An industrial, tertiary treatment plant providing COD and bio-P removal, nitrification and denitrification, was the object of an in-depth analysis in order to verify the possibility of recovering excess heat entering the facility through the upstream industrial processes effluents, and preventing it from being discharged into the receiving waters, while improving its overall treatment efficiency during critical events. The plant's effluent, in fact, often exceeded the absolute permit discharge limit of 24 °C, and occasionally also exceeded the TN effluent limit of 4 mg/L. A verification of the process treatment efficiency revealed that the occasional TN limit noncompliance could be related to insufficient SRTs (linked to insufficient available process volume) during critical events. This finding suggested that the biological process train could be revamped with additional process volume and that operating temperature reduction, upstream of the biological section, could have induced a risk of further reduced process performance. Additional plant volume was readily and easily achieved by incorporating the existing bio-P volume in the nitrification/denitrification tank, due to the ease of implementing this intervention, the specific layout, and ability to build a new bio-P reactor. This solution resulted in a 27% volume addition to the critical nitrification section, not by calculation, but by ease and minimal cost of implementation. Excess heat recovery options calculations, downstream of the biological section, were thus conducted, under two possible final use scenarios. Results indicated that between 2,000 and 2,500 kW could be recovered, corresponding to a CO₂ emission reduction (offset) of between 12,000 and 15,000 t/yr, or about a fifth of the current total estimated emission impact of the facility.
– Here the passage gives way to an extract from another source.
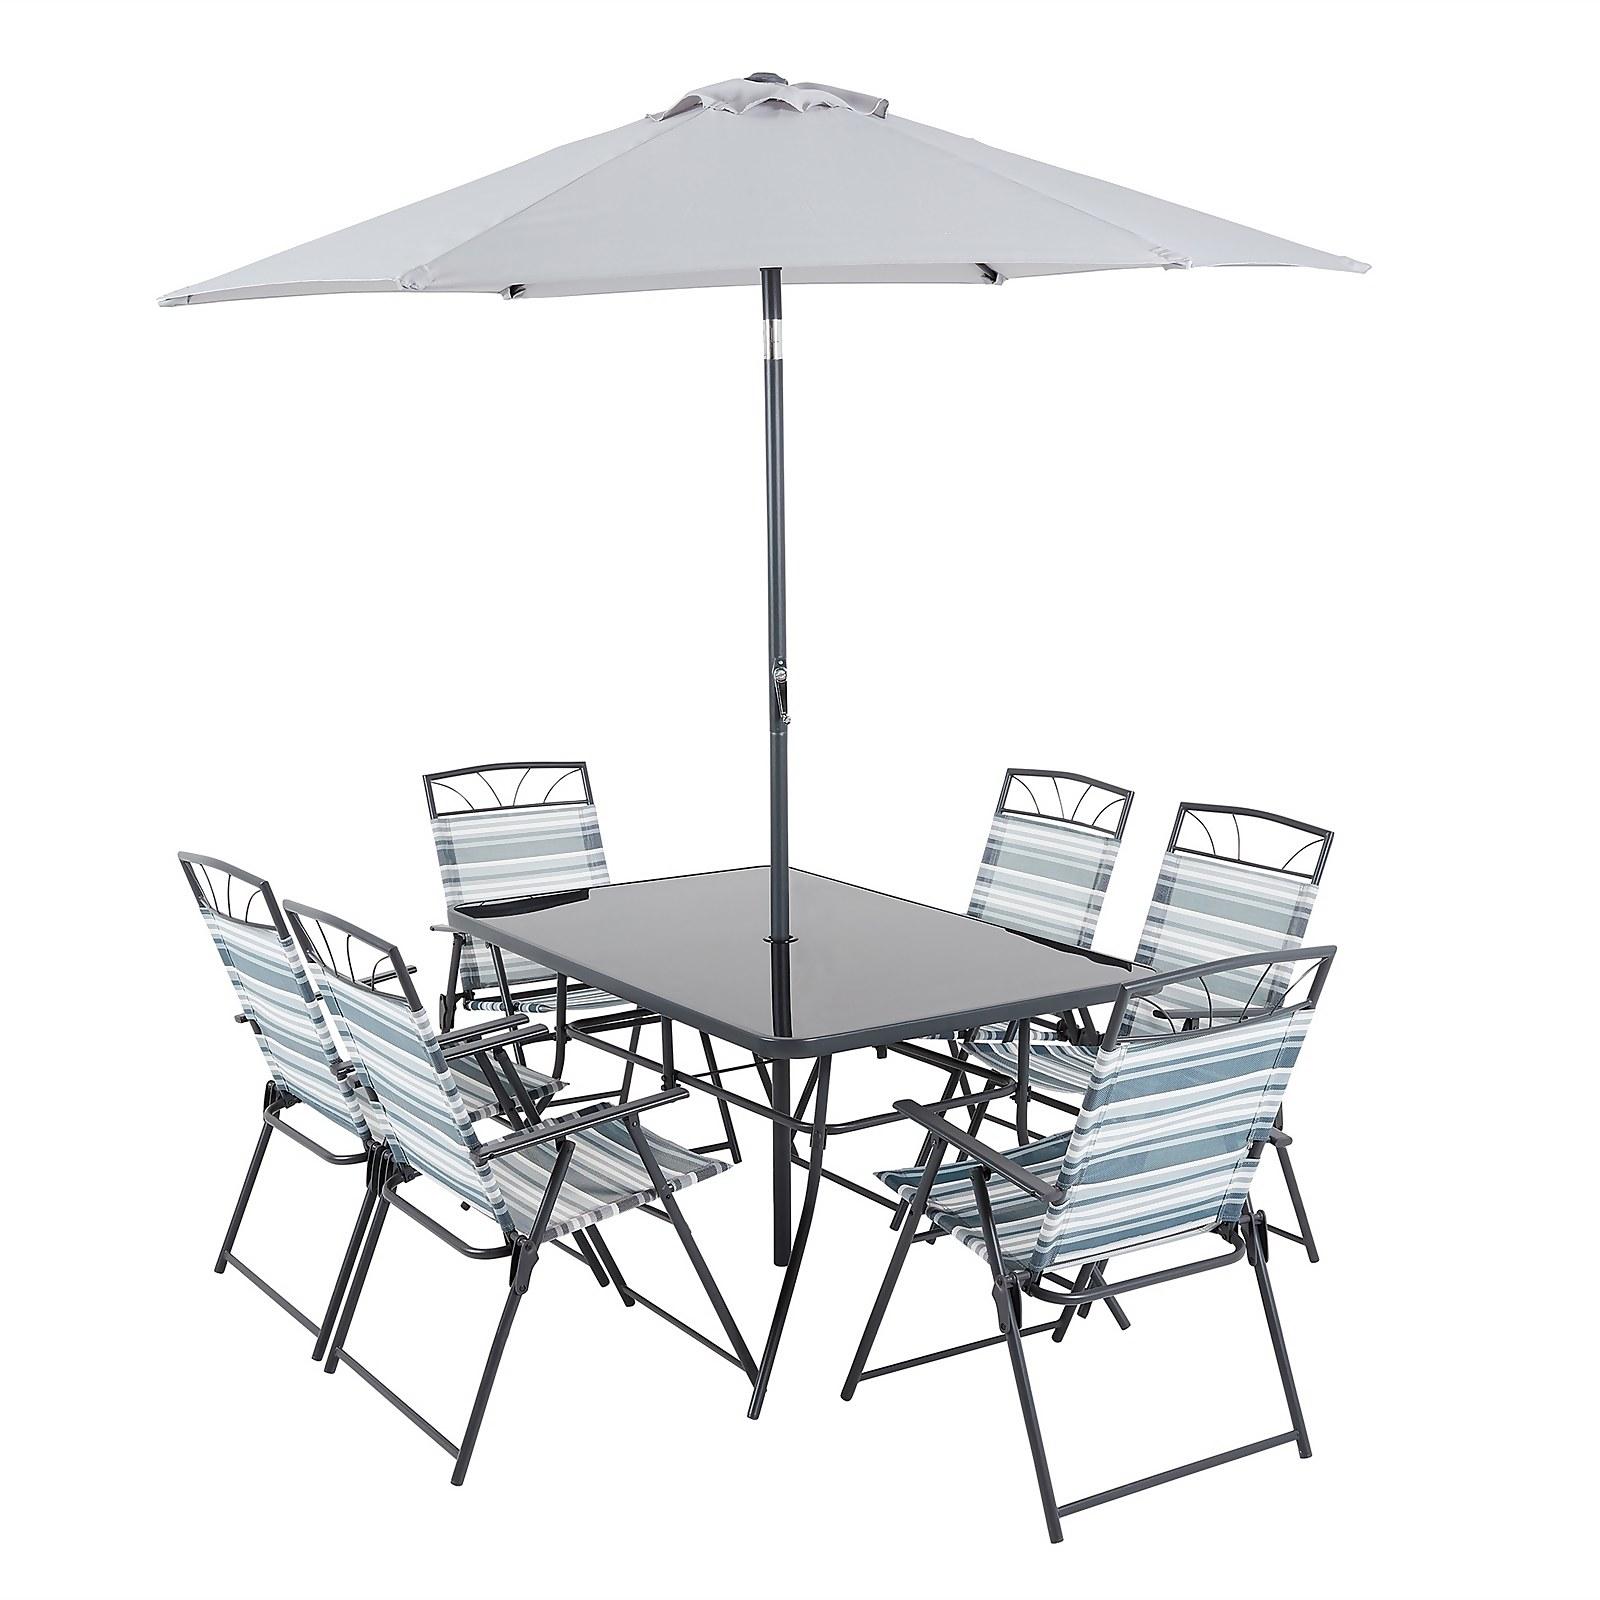 Wexfordly 6 Seater Metal Garden Furniture Dining Set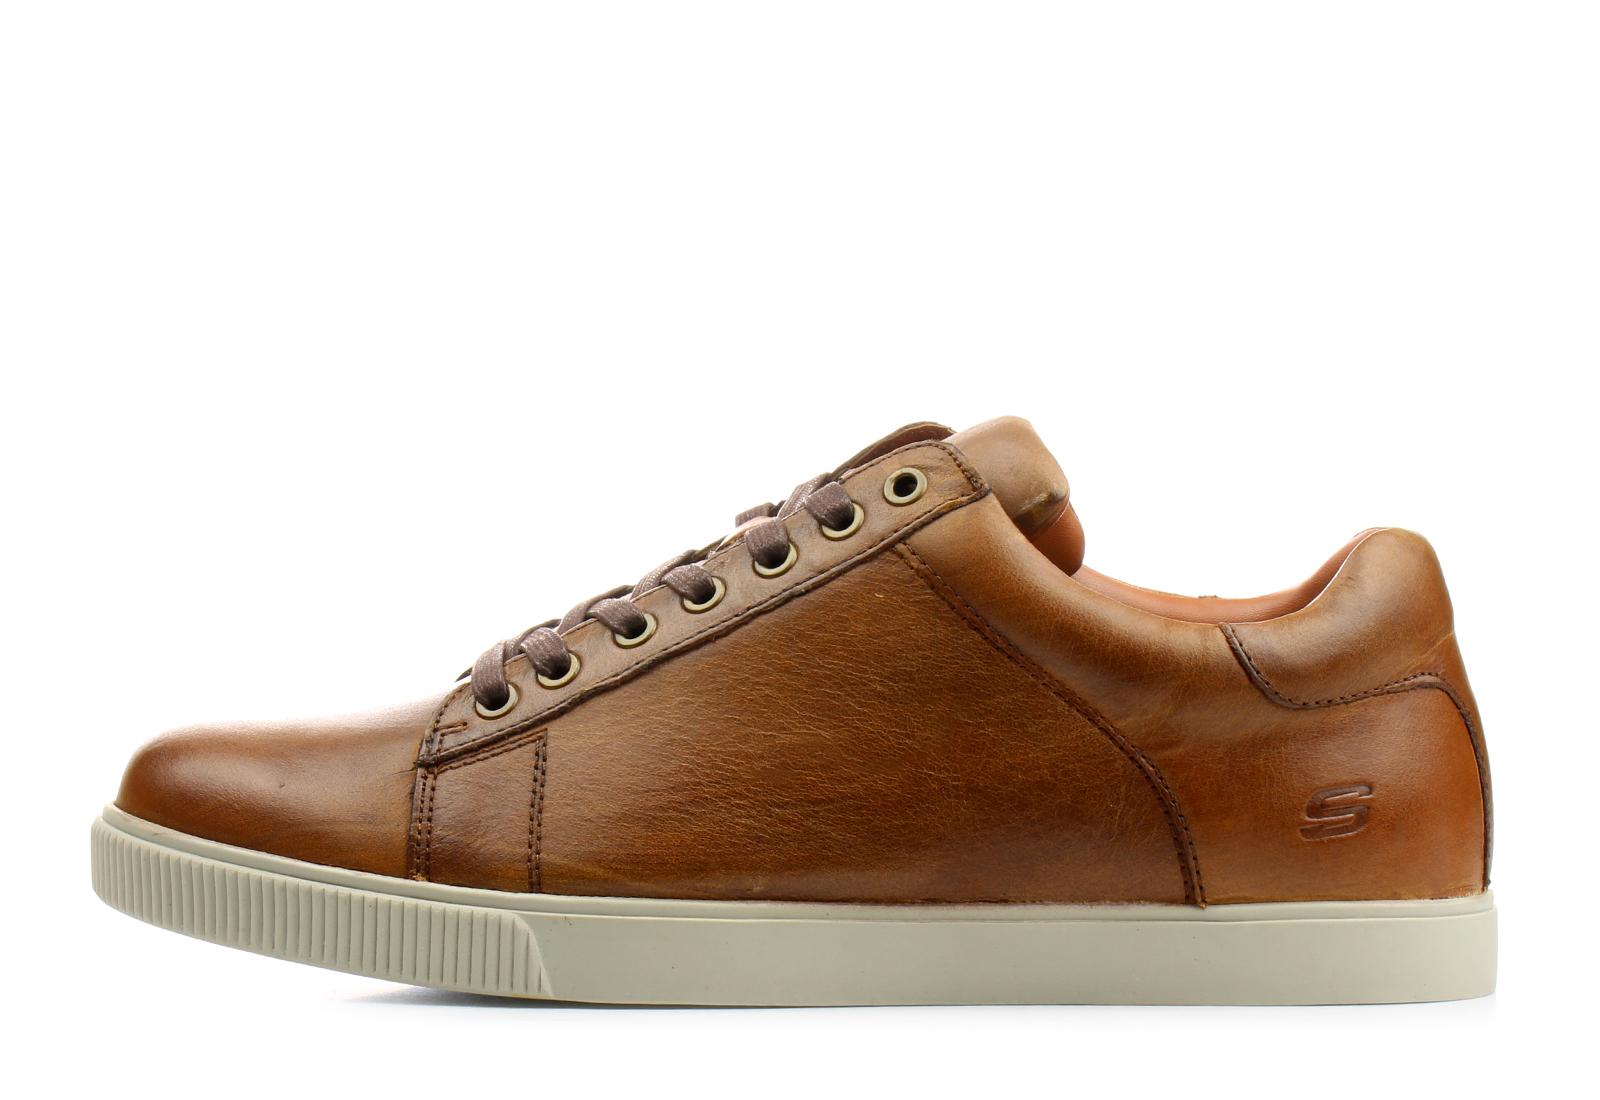 Shop For Skechers Volden Fandom Tns Online 65323 Shoes SnpAFqpwv

This recovery has multiple impacts on the overall ‘sustainability score’ of the examined facility: it does not impair its performance from a process efficiency point of view, it improves (reduces) the overall environmental impact from both local (receiving water) and global (carbon footprint) aspects, and improves its economic viability by providing a tradeable commodity (hot water) of substantial economic value. Additional interventions to further improve the sustainability of the WWTP under consideration could be the object of future assessments: nutrient (N and P) recovery in the form of struvite mineral could be in fact implemented with relative ease (since the facility already operates a bio-P removal process and thus has P-rich sludges).

This case study demonstrates that integrating simple sustainability concepts in WWTP design and upgrading can be done with relative ease and may produce substantial benefits at both local and global levels. Sustainability awareness should become a primary focus for environmental protection facilities designers and managers.